WHAT YOU WILL DO. Exercise in exact copying: restate word for word only the lines below from the one containing "My decision to" through the one containing "Gold Crystal Tennis Necklace", omitting any pictures.

DATA FOR THIS EXERCISE.
>>>>>
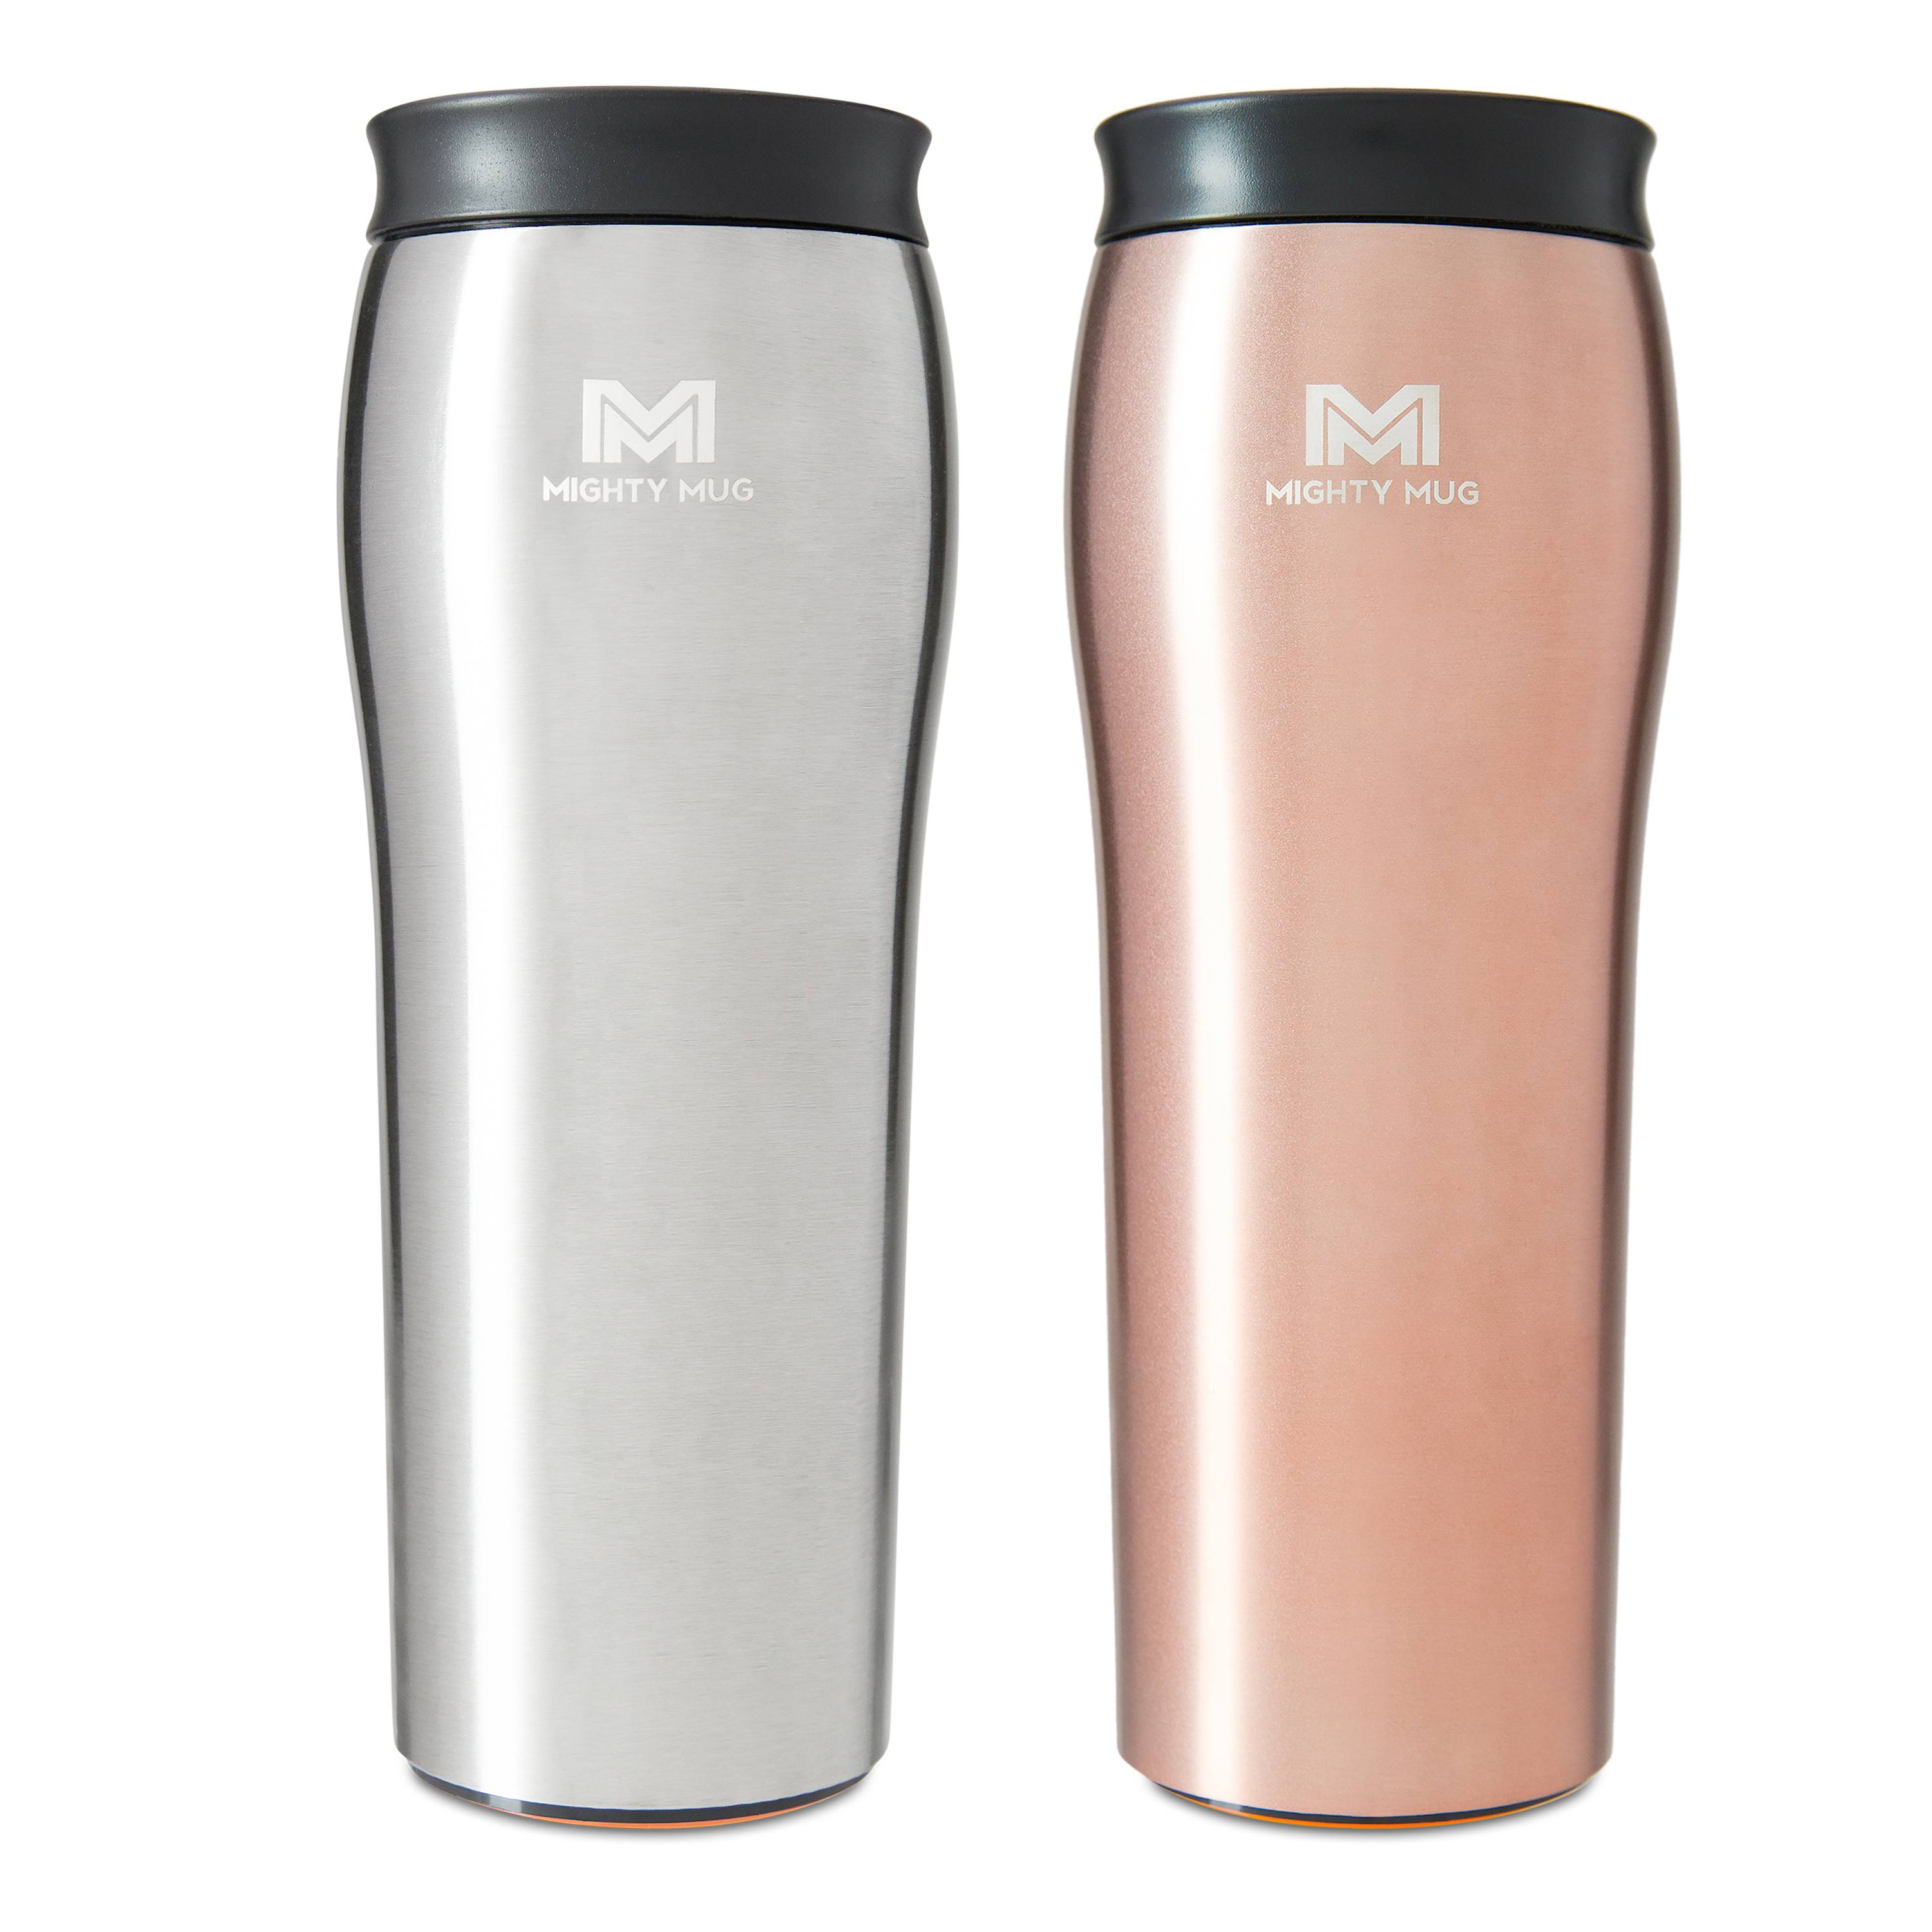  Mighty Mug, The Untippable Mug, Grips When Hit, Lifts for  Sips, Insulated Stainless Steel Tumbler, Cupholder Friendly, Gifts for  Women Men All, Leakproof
<<<<<
>>>>>
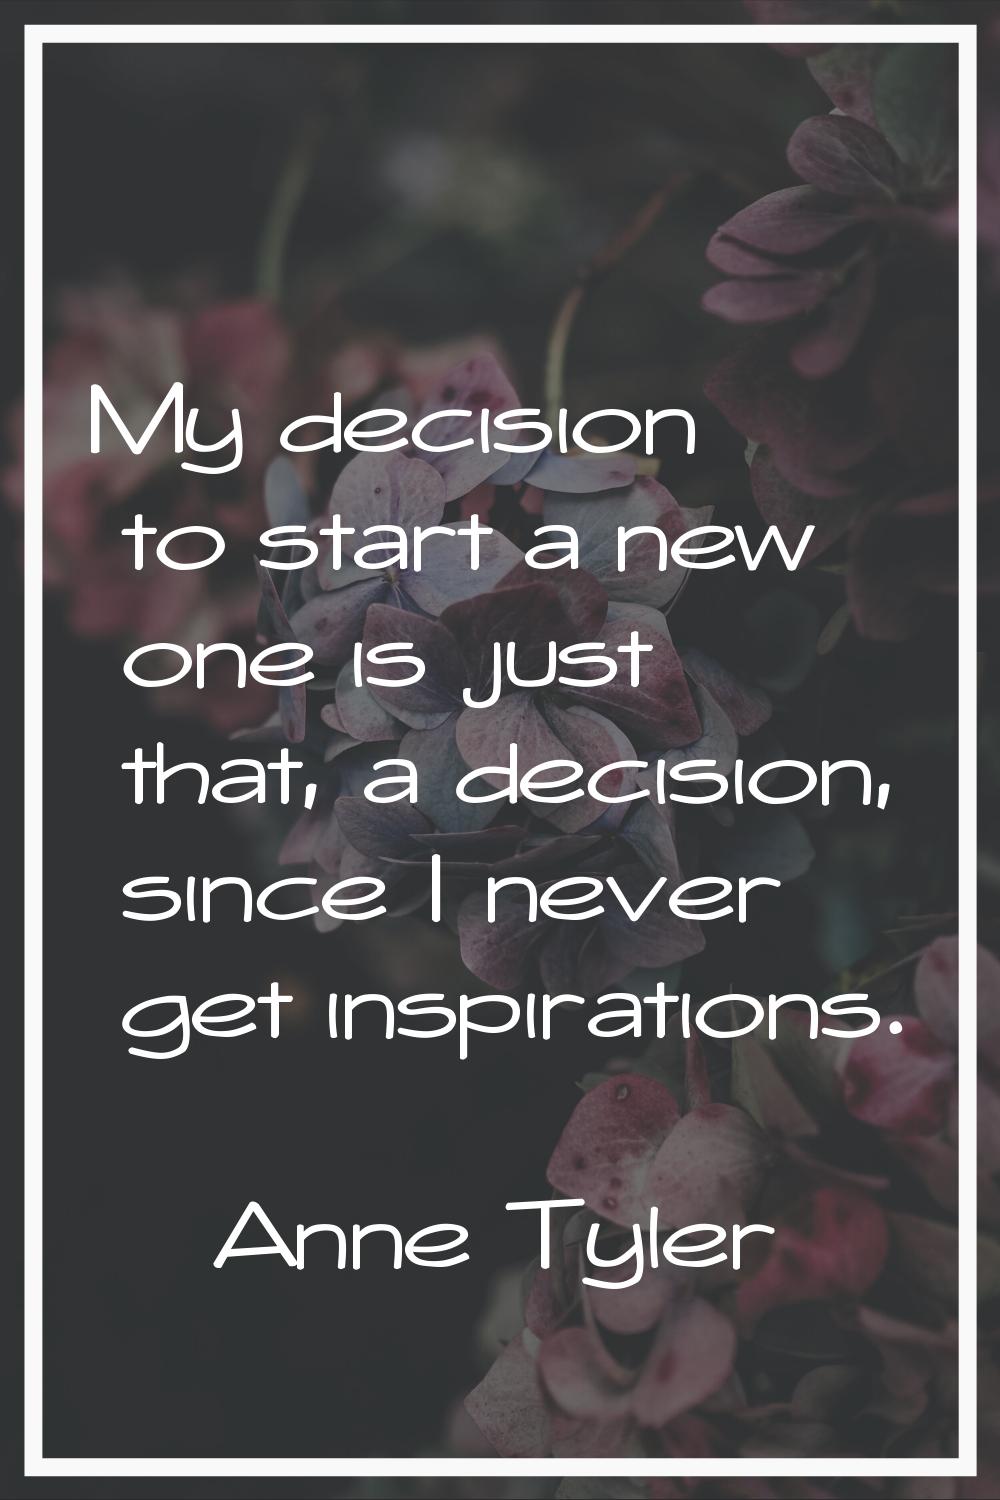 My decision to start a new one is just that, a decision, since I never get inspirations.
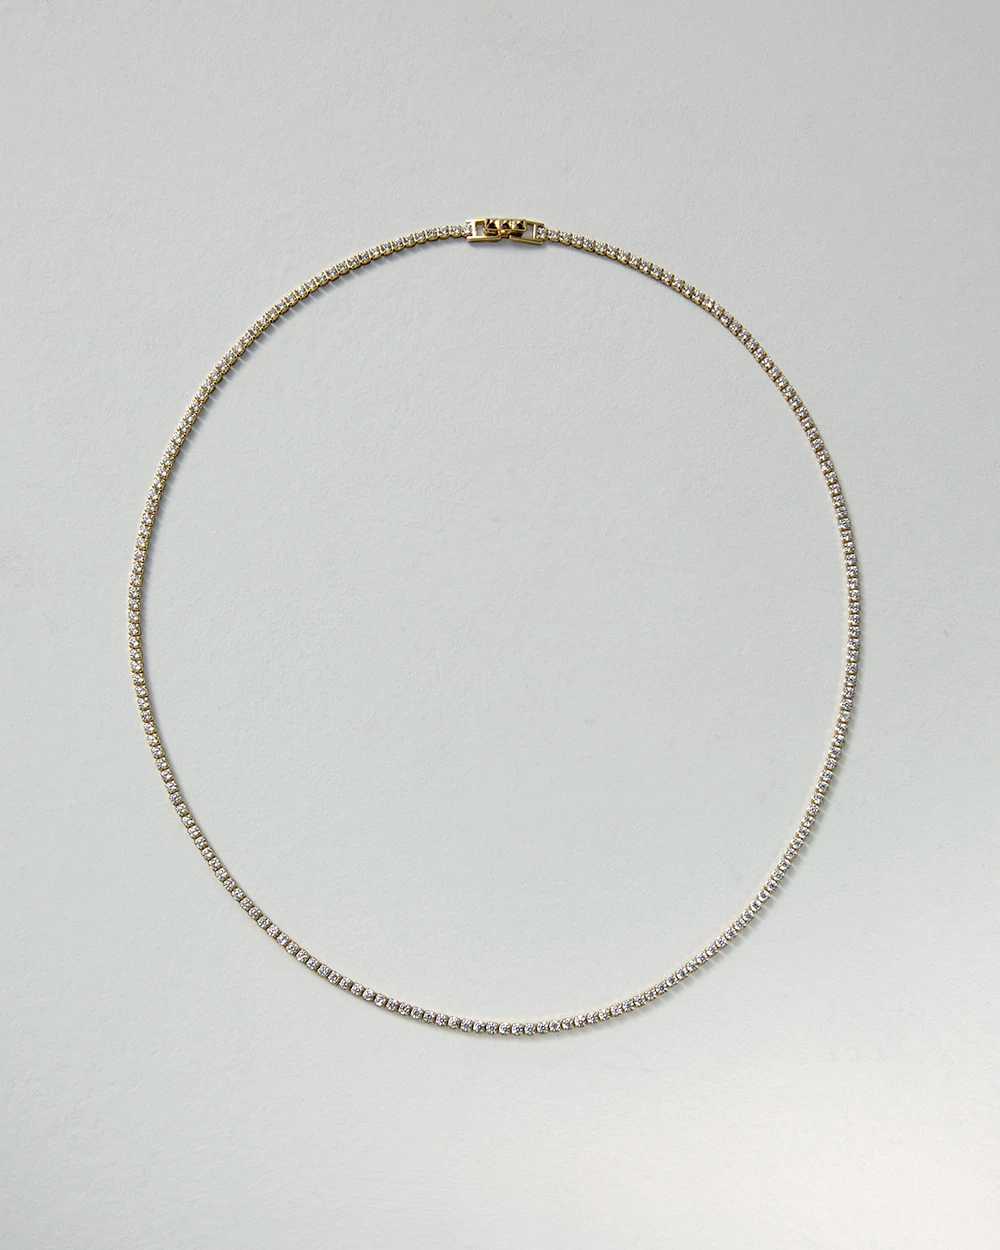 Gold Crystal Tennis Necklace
<<<<<
ANSWER FOR THE TASK.
 My decision to start a new one is just that, a decision, since I never get inspirations.
 Gold Crystal Tennis Necklace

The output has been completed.